• **MATERIAL PROVIDED**
*-*-*

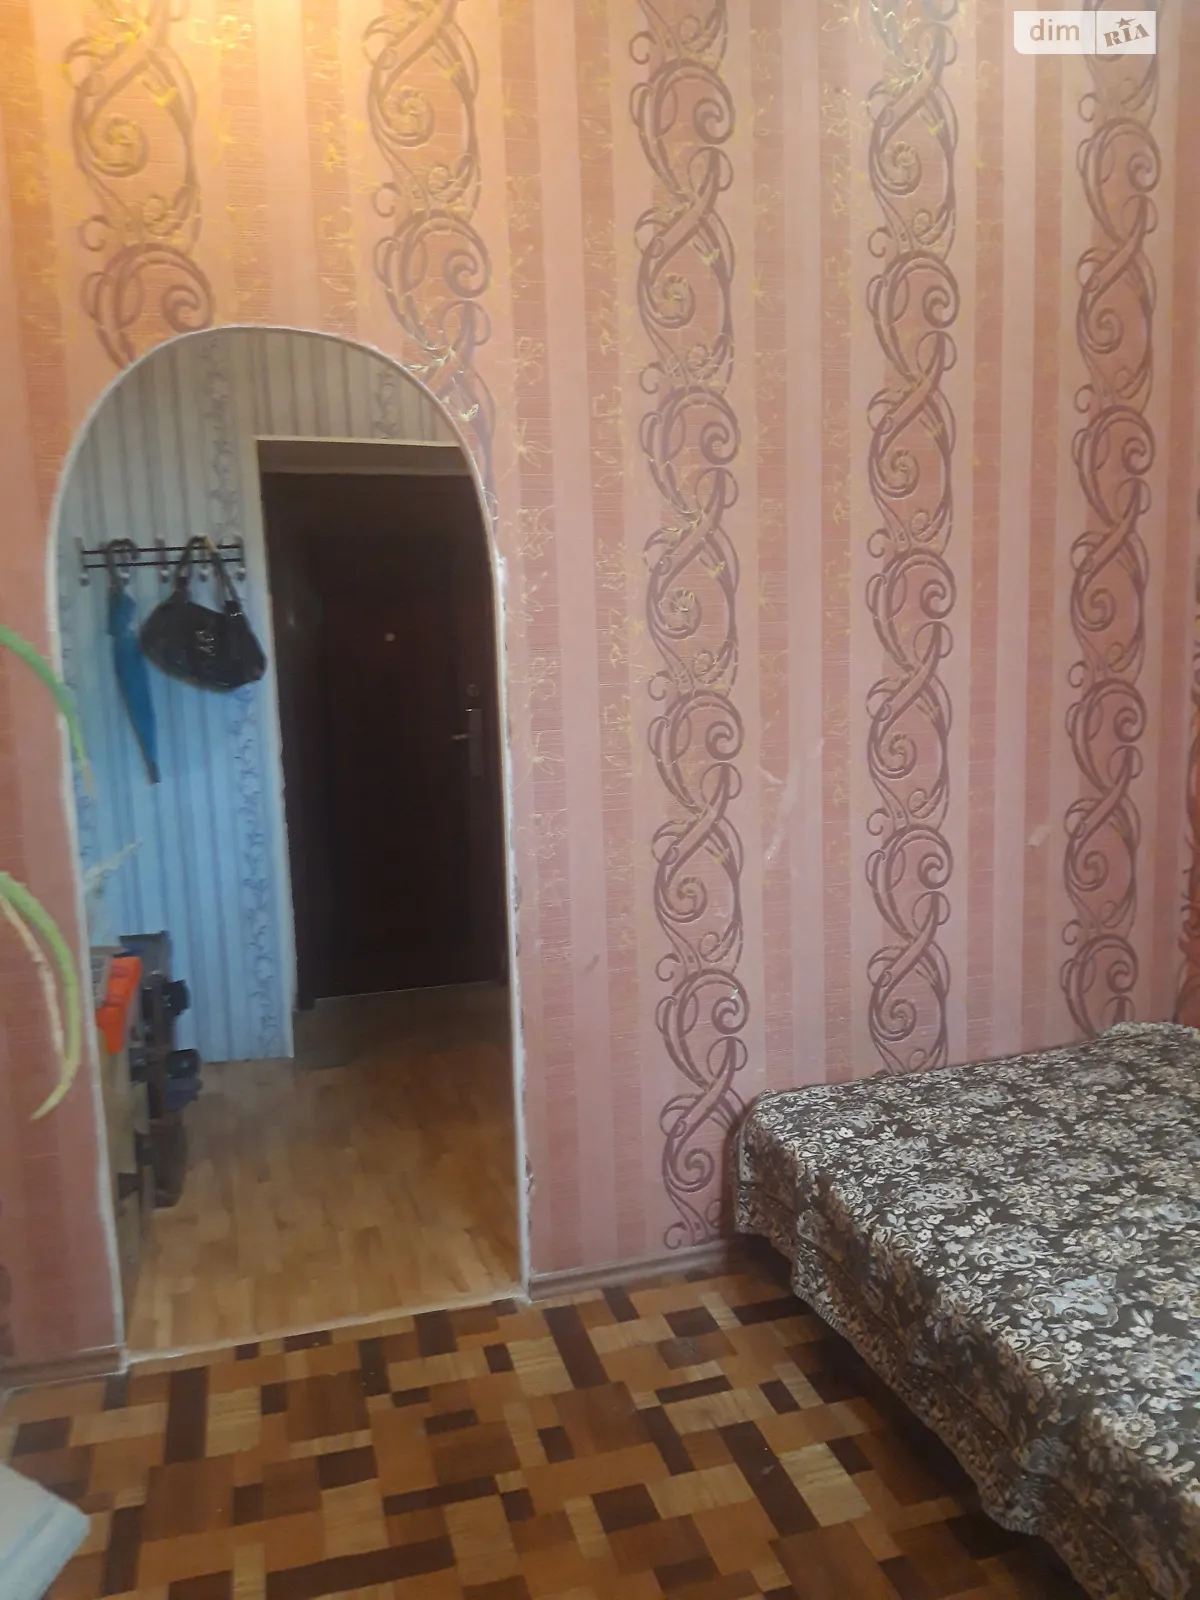 Продается комната 24 кв. м в Одессе, цена: 7500 $ - фото 1
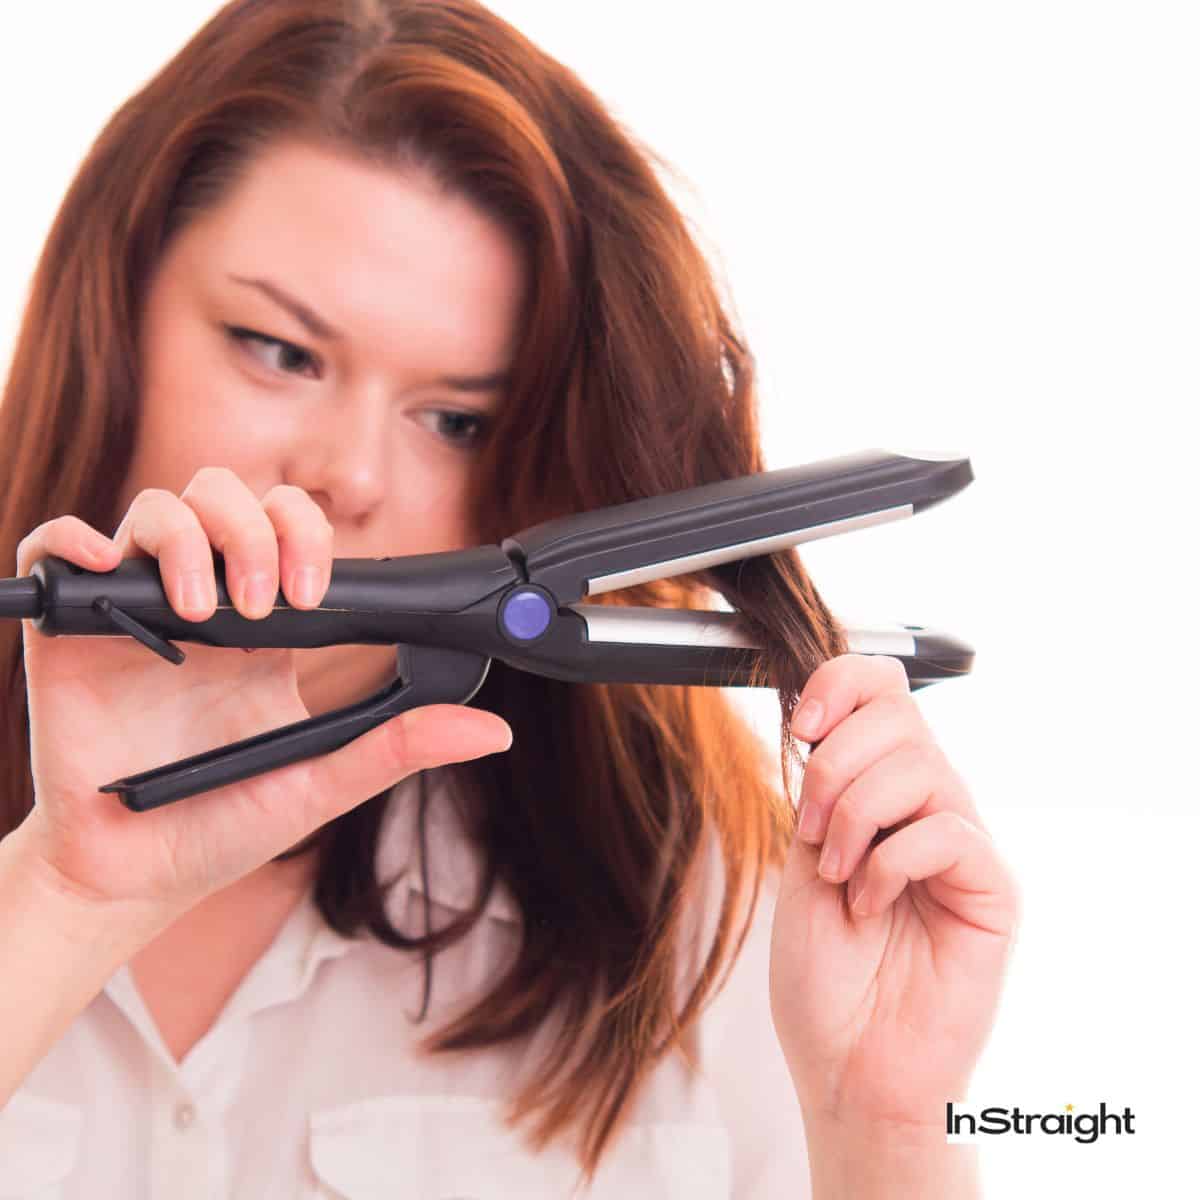 women killing lice using a hair straightener but does hair straightener kill lice
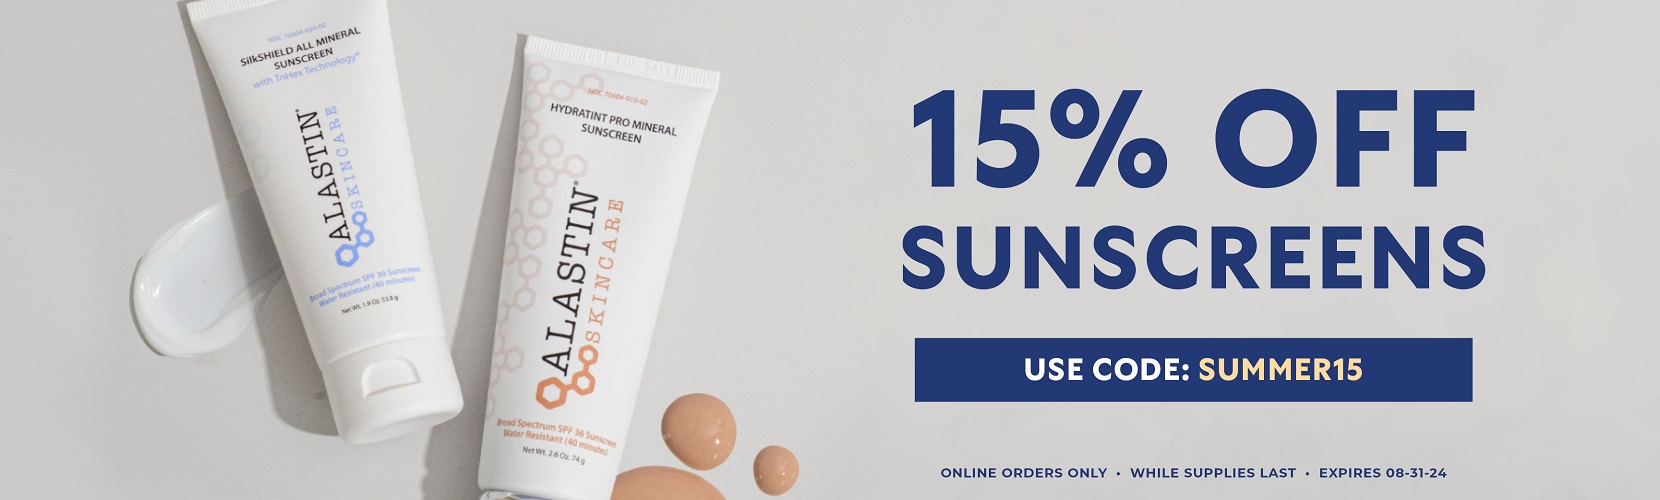 15% OFF Sunscreens
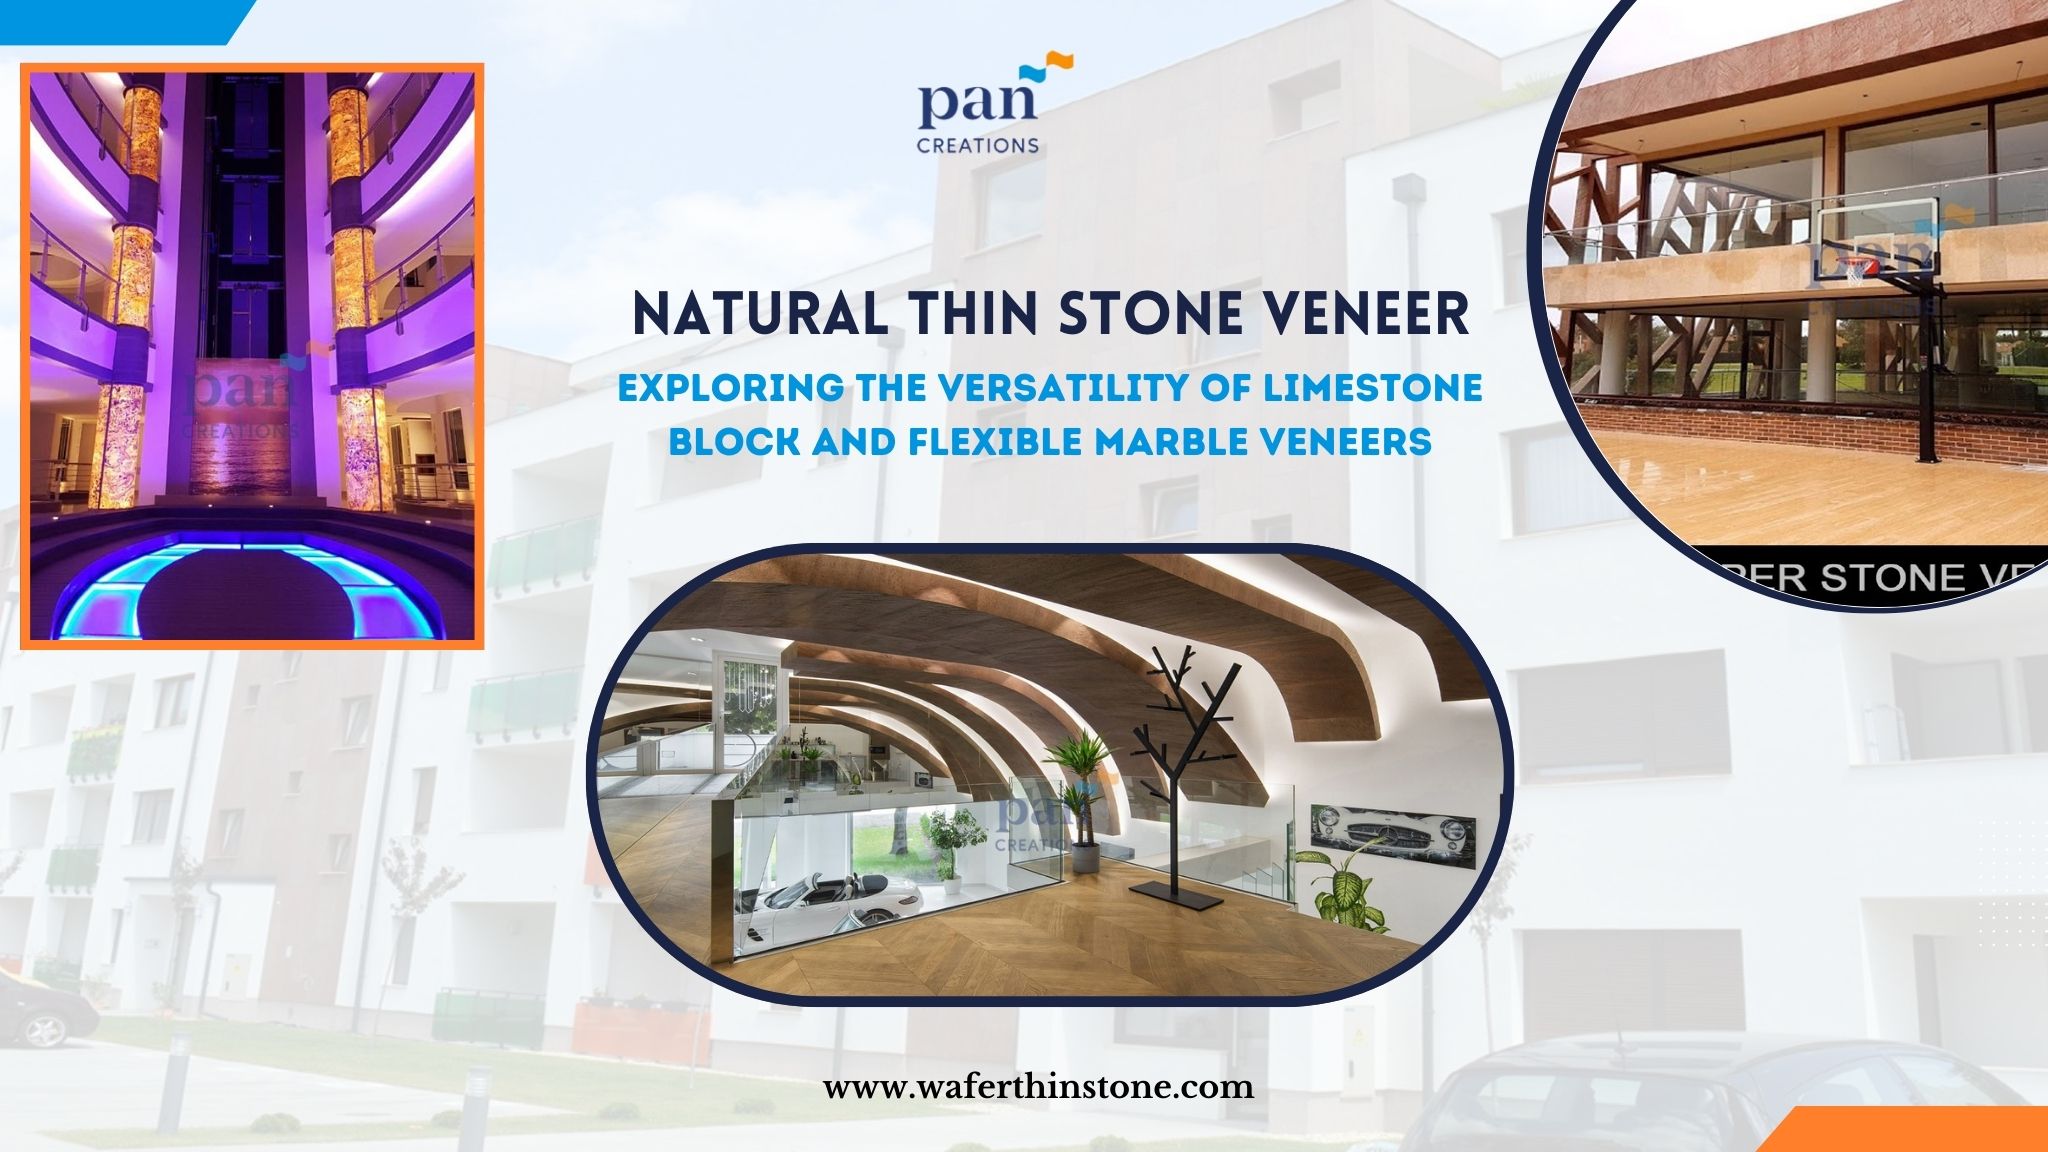 Natural thin stone veneer

*-*-*

Print every line above once more, exactly. Omit the pictures.

• **WRITTEN ANSWER**
 Продается комната 24 кв. м в Одессе, цена: 7500 $ - фото 1
 women killing lice using a hair straightener but does hair straightener kill lice
 15% OFF Sunscreens
 Natural thin stone veneer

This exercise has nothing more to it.